## Supplied data:
++++

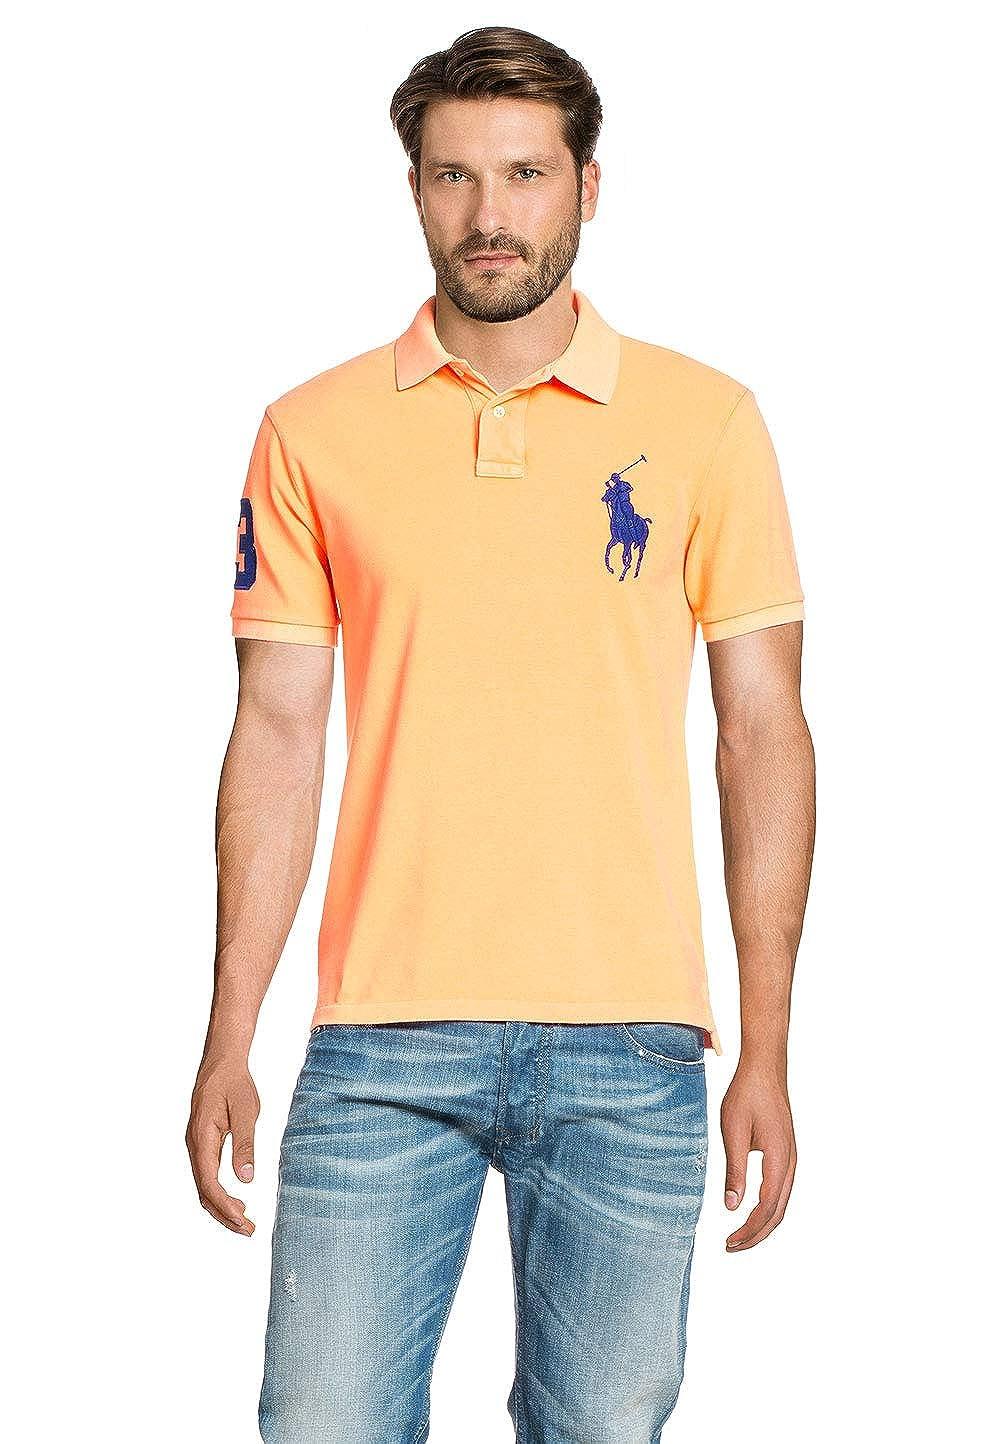 Polo Ralph Lauren Knits Mesh MenŽs Polo Shirt Melon, tamaño:S ...
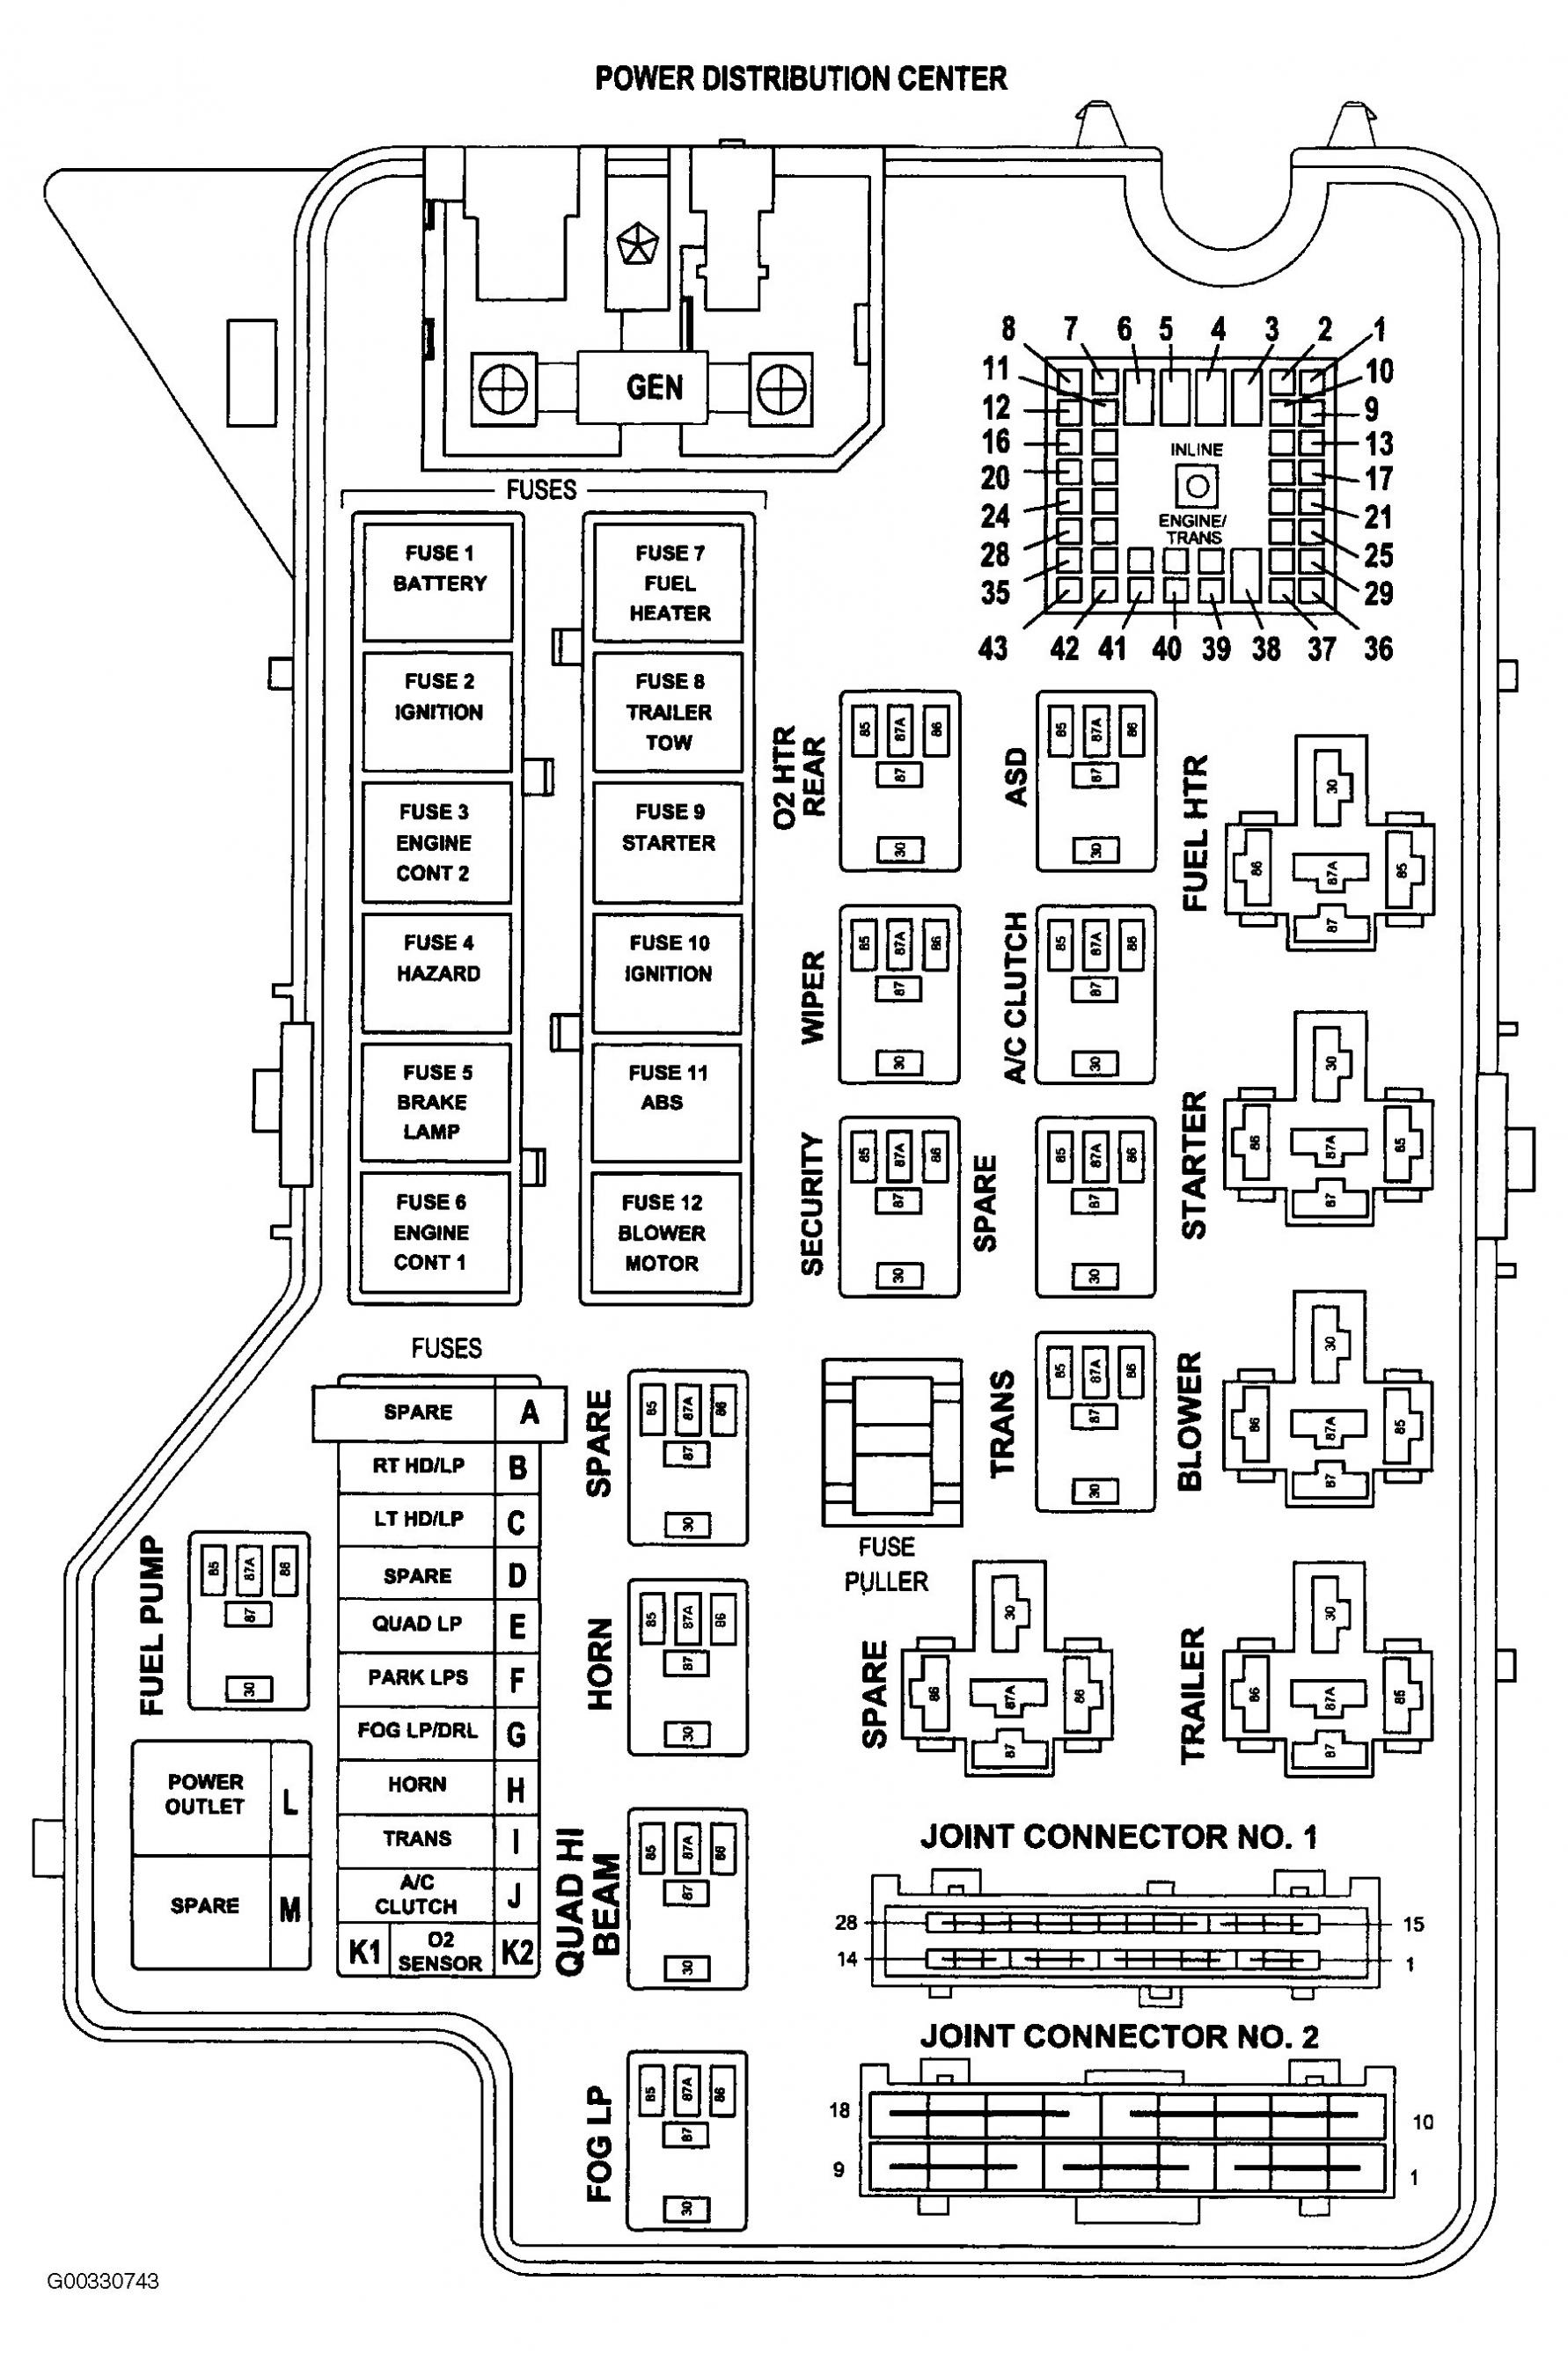 2007 Dodge Caliber Headlight Wiring Diagram | Wiring Library - 2007 Dodge Caliber Headlight Wiring Diagram
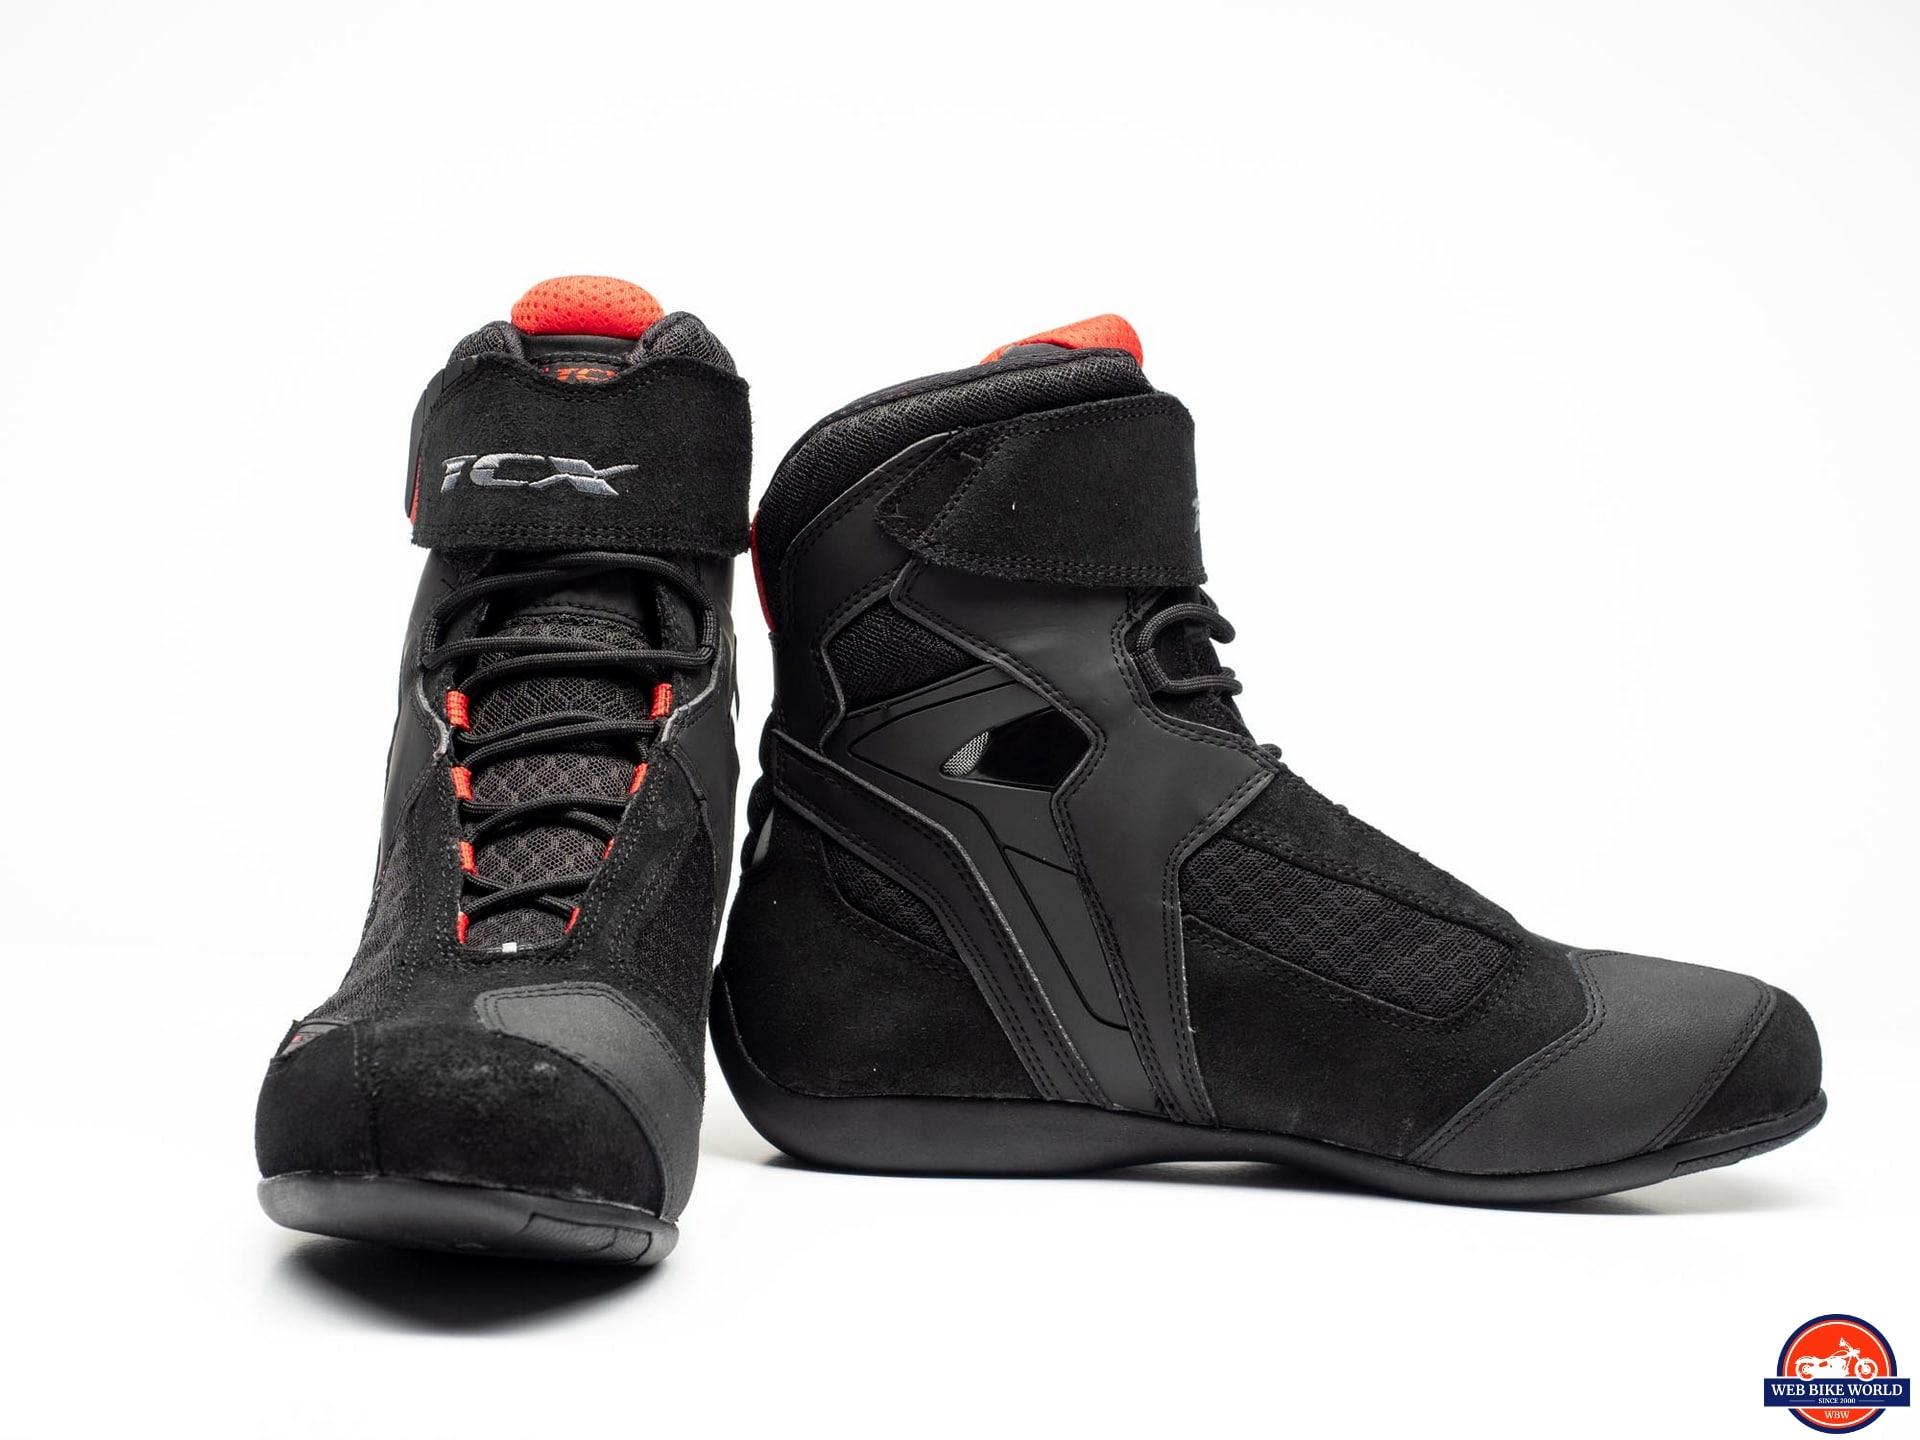 TCX Motorcycle Boots Vibe WP Black Black 36

++++

## What is required:
Give the data again exactly, image-free.

## Exercise response:
 Polo Ralph Lauren Knits Mesh MenŽs Polo Shirt Melon, tamaño:S ...
 2007 Dodge Caliber Headlight Wiring Diagram | Wiring Library - 2007 Dodge Caliber Headlight Wiring Diagram
 TCX Motorcycle Boots Vibe WP Black Black 36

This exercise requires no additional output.